One of the most powerful applications of derivatives is finding where a function achieves its maximum or minimum value — a process called optimization. Engineers minimize drag. Economists maximize profit. Physicists find paths of least time. The mathematical principle behind all of these is the same: at a peak or a valley, the tangent line is horizontal, so the slope is zero.

A critical point is any $x = c$ where $f'(c) = 0$ or $f'(c)$ does not exist. Every local maximum and minimum must be a critical point — but not every critical point is a maximum or minimum. You need a test to decide.

The First Derivative Test: examine the sign of $f'$ on both sides of $c$.

  • $f'$ goes $+ \to -$ at $c$: local maximum — the function rises, then falls
  • $f'$ goes $- \to +$ at $c$: local minimum — the function falls, then rises
  • $f'$ doesn't change sign: neither — it's an inflection point with horizontal tangent (e.g., $f(x) = x^3$ at $x = 0$)

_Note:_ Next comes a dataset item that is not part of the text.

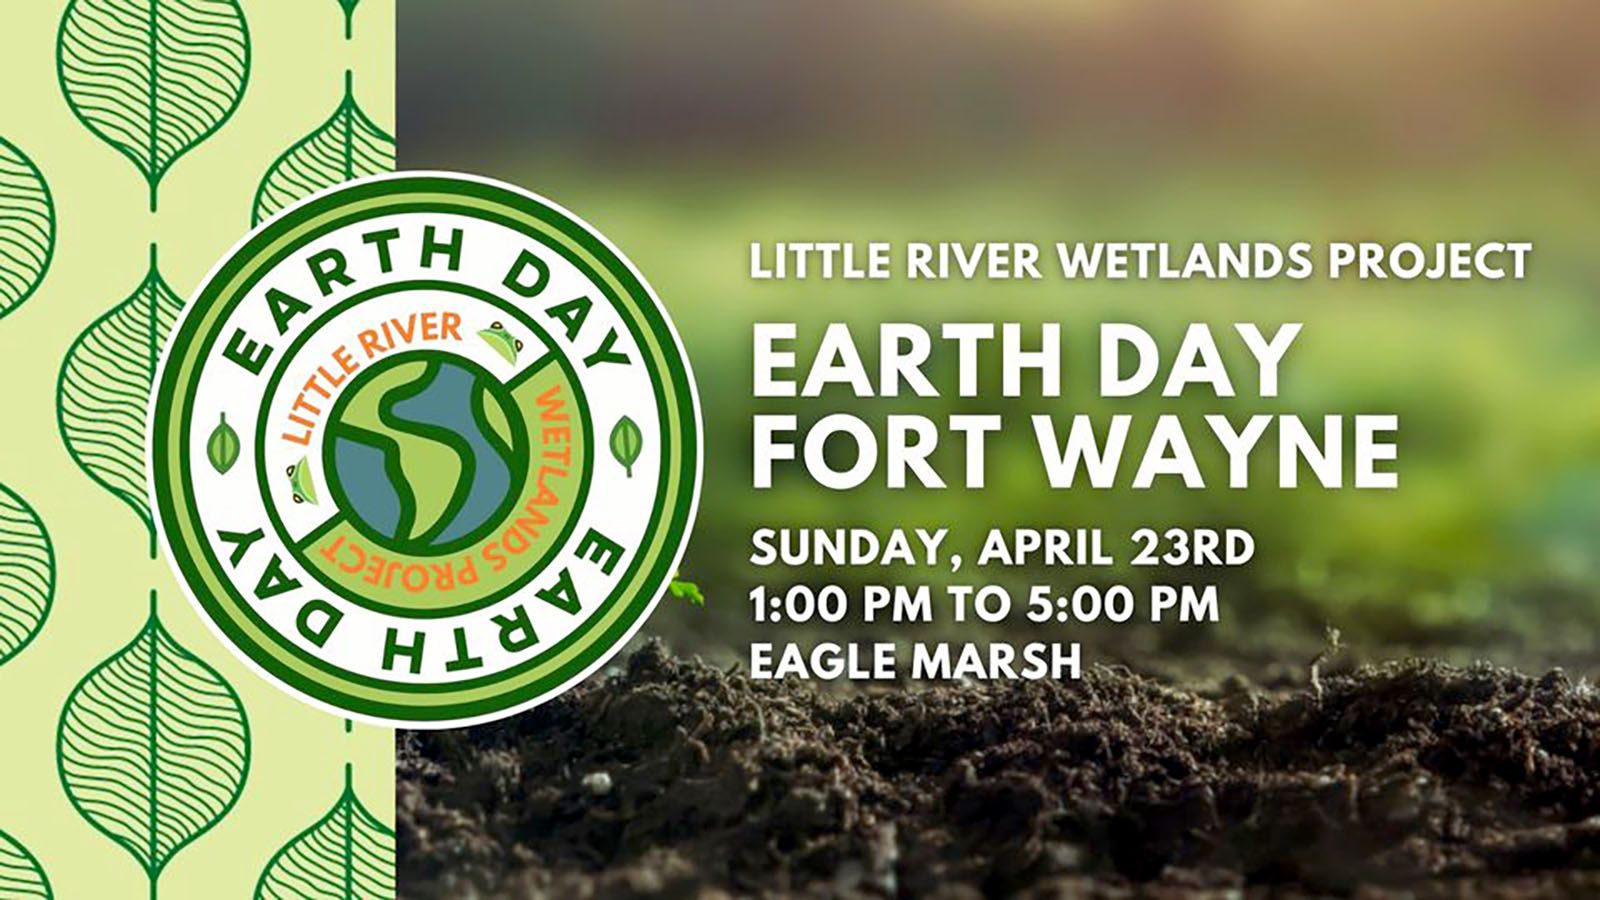 Celebrate Earth Day at Eagle Marsh on April 23.

The Second Derivative Test gives a quicker answer when $f'(c) = 0$:

$$f'(c) = 0 \implies \begin{cases} f''(c) > 0 & \text{local minimum (concave up — bowl)} \\ f''(c) < 0 & \text{local maximum (concave down — hill)} \\ f''(c) = 0 & \text{inconclusive — use the first derivative test} \end{cases}$$

The intuition is clean: if the function is concave up at a flat point, you're at the bottom of a bowl — a minimum. If concave down, you're at the top of a hill — a maximum.

Inflection Points

Don't confuse critical points with inflection points. A critical point is where $f' = 0$ or is undefined — a candidate for a max or min. An inflection point is where $f''$ changes sign — where the curvature of the graph reverses direction. These can coincide (as with $x^3$ at the origin), but they are conceptually distinct. One is about slope; the other is about bending.